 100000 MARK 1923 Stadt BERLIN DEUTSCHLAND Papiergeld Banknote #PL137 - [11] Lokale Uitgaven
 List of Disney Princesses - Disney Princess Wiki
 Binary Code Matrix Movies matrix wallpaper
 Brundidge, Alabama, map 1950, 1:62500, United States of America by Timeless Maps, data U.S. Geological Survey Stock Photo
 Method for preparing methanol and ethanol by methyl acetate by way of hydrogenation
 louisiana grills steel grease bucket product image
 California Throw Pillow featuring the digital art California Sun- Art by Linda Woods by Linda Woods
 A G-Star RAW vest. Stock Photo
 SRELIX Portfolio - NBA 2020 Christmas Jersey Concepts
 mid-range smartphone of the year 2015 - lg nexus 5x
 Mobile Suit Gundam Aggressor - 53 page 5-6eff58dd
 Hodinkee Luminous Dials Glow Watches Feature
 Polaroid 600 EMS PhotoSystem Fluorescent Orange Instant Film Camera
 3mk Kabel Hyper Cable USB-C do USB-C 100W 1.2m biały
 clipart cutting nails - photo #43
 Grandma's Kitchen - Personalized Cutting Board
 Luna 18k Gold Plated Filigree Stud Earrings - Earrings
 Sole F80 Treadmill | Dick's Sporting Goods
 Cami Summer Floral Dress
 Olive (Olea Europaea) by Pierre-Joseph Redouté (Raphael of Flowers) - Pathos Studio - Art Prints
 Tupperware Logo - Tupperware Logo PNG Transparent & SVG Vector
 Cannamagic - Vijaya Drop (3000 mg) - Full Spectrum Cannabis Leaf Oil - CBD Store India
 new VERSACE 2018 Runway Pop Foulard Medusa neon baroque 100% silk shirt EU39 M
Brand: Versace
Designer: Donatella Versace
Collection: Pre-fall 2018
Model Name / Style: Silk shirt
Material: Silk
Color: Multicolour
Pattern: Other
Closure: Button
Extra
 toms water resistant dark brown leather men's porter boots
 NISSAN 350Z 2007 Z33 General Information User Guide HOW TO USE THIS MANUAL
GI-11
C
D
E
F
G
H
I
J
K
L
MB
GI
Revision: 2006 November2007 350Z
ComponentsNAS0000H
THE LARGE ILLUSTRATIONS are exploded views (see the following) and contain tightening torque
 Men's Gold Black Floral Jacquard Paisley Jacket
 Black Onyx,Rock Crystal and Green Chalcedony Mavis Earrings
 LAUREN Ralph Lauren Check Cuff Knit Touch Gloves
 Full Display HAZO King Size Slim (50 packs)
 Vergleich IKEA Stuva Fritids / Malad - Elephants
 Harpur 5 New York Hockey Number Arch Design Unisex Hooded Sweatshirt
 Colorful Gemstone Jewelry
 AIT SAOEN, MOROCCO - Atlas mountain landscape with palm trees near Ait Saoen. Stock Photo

------

Activity: Retype each entry exactly, leaving none of them out.

Response to this task:
 100000 MARK 1923 Stadt BERLIN DEUTSCHLAND Papiergeld Banknote #PL137 - [11] Lokale Uitgaven
 List of Disney Princesses - Disney Princess Wiki
 Binary Code Matrix Movies matrix wallpaper
 Brundidge, Alabama, map 1950, 1:62500, United States of America by Timeless Maps, data U.S. Geological Survey Stock Photo
 Method for preparing methanol and ethanol by methyl acetate by way of hydrogenation
 louisiana grills steel grease bucket product image
 California Throw Pillow featuring the digital art California Sun- Art by Linda Woods by Linda Woods
 A G-Star RAW vest. Stock Photo
 SRELIX Portfolio - NBA 2020 Christmas Jersey Concepts
 mid-range smartphone of the year 2015 - lg nexus 5x
 Mobile Suit Gundam Aggressor - 53 page 5-6eff58dd
 Hodinkee Luminous Dials Glow Watches Feature
 Polaroid 600 EMS PhotoSystem Fluorescent Orange Instant Film Camera
 3mk Kabel Hyper Cable USB-C do USB-C 100W 1.2m biały
 clipart cutting nails - photo #43
 Grandma's Kitchen - Personalized Cutting Board
 Luna 18k Gold Plated Filigree Stud Earrings - Earrings
 Sole F80 Treadmill | Dick's Sporting Goods
 Cami Summer Floral Dress
 Olive (Olea Europaea) by Pierre-Joseph Redouté (Raphael of Flowers) - Pathos Studio - Art Prints
 Tupperware Logo - Tupperware Logo PNG Transparent & SVG Vector
 Cannamagic - Vijaya Drop (3000 mg) - Full Spectrum Cannabis Leaf Oil - CBD Store India
 new VERSACE 2018 Runway Pop Foulard Medusa neon baroque 100% silk shirt EU39 M
Brand: Versace
Designer: Donatella Versace
Collection: Pre-fall 2018
Model Name / Style: Silk shirt
Material: Silk
Color: Multicolour
Pattern: Other
Closure: Button
Extra
 toms water resistant dark brown leather men's porter boots
 NISSAN 350Z 2007 Z33 General Information User Guide HOW TO USE THIS MANUAL
GI-11
C
D
E
F
G
H
I
J
K
L
MB
GI
Revision: 2006 November2007 350Z
ComponentsNAS0000H
THE LARGE ILLUSTRATIONS are exploded views (see the following) and contain tightening torque
 Men's Gold Black Floral Jacquard Paisley Jacket
 Black Onyx,Rock Crystal and Green Chalcedony Mavis Earrings
 LAUREN Ralph Lauren Check Cuff Knit Touch Gloves
 Full Display HAZO King Size Slim (50 packs)
 Vergleich IKEA Stuva Fritids / Malad - Elephants
 Harpur 5 New York Hockey Number Arch Design Unisex Hooded Sweatshirt
 Colorful Gemstone Jewelry
 AIT SAOEN, MOROCCO - Atlas mountain landscape with palm trees near Ait Saoen. Stock Photo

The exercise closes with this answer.